I opened my eyes from sleep, and suddenly raised my head
There I saw the moon-face of the love-theif, shining
My star of good luck had risen—I was thus exalted
When in my chamber I saw this Jupiter rise to the evening sky
He appeared to be a Muslim, but by his dress an infidel
And divine light poured from lthe beauty of his face
I opened, then closed my eyes, but he had vanished from my sight
All I know of him—he was an angel or a faery
Now she knows the water of life,
Mihri will not die until the Judgement Day
For she has seen that visible Alexander
in the eternal dark of night
Thus notably Mihri Khatun includes in her poetry both Muslim and Classical Greek references along with a spirit of Sufi longing after the beloved, divine or sexual, reminding us that the Muslim world was also an equal heir to Aristotle, Plato, Alexander and the Classical Greek and Roman heritage, along with the inheritors of the Western Renaissance such as Petrarch and Shakespeare. Both the Western masters of the Renaissance and the Muslim masters of the earlier Islamic Golden Age which preserved so much of the Greek and Roman heritage, saw and acheived so much each in their times, because, as Newton stated, “they stood on the shoulders of giants,” i.e., both Muslim and Western geniuses standing on the same Greek and Roman shoulders as the common heritage of both civilizations.
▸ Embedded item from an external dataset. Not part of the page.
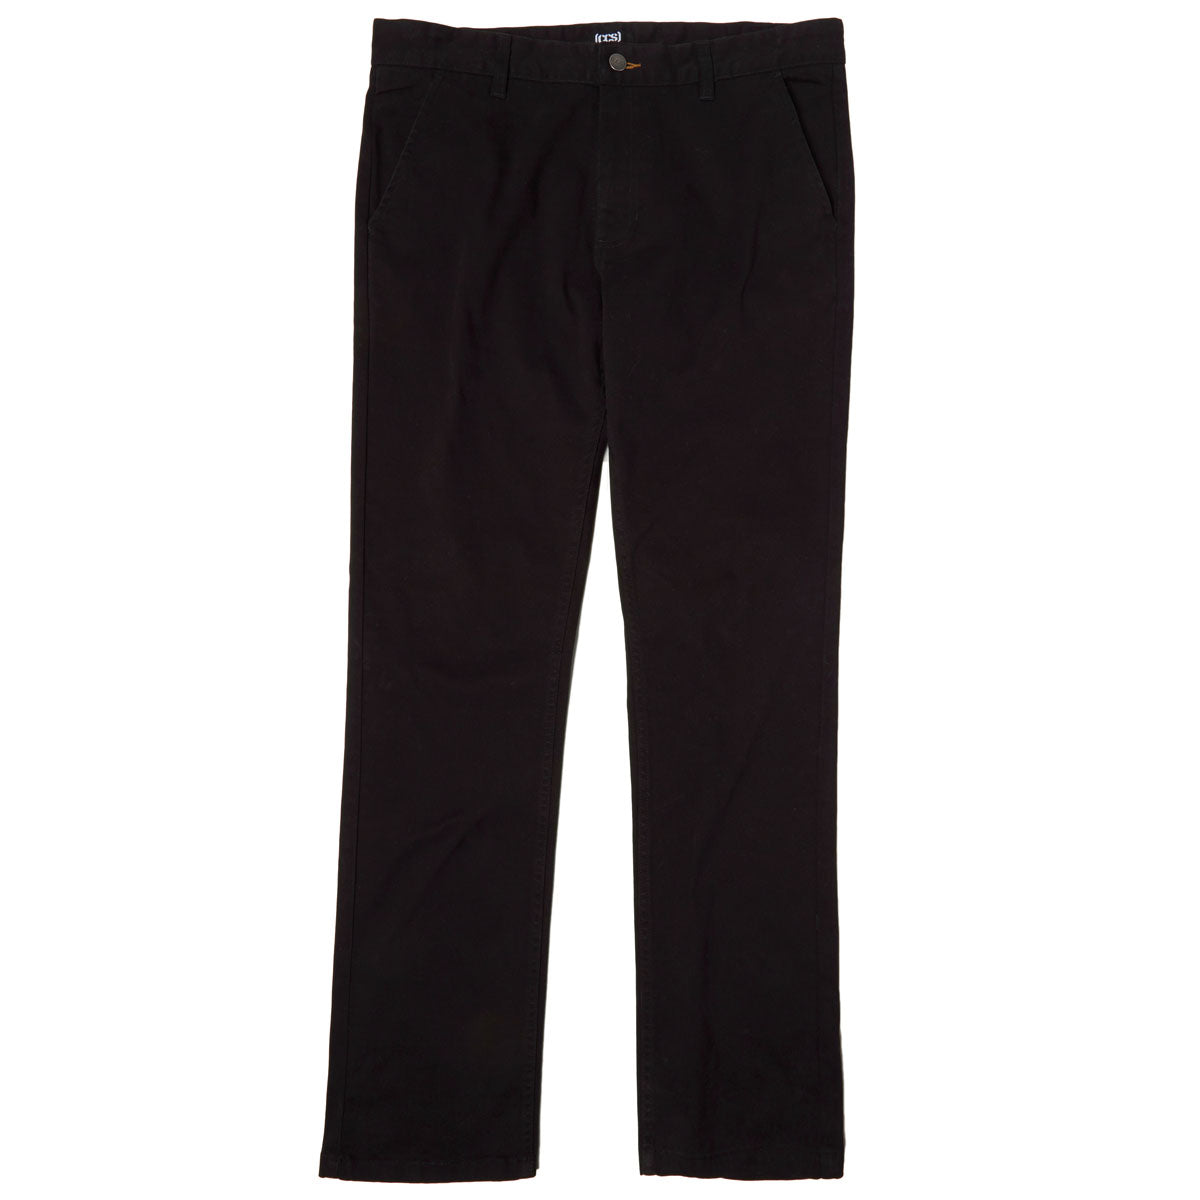 CCS Standard Plus Straight Chino Pants - Black image 5

EVLIYA CELEBI—THE TURKISH MARCO POLO
Evliya Celebi (1611-1684) is often referred to by the nickname of “The Turkish Marco Polo” not only because of his extensive travels but also for his voluminous writings giving his impressions, social conditions, geography and in-depth cultural cultural insights regarding the lands and peoples he visited. He was the son of the chief jeweler of the Ottoman royal court and his family’s immense wealth gave him the time and resources to devote himself to his chief and obsessive passion: travel. He traveled to every corner of the Ottoman Empire, from the Balkan domains neighboring Vienna to modern Saudi Arabia, into North Africa and through Egypt southwards into Africa, and then beyond the Empire into Russia and beyond. While not as extensive as the travels of Ibn Battuta or Marco Polo, his travels were extraordinary and his writing of them masterful.
LADY MARY WORTLEY MONTAGU’S “TURKISH EMBASSY LETTERS”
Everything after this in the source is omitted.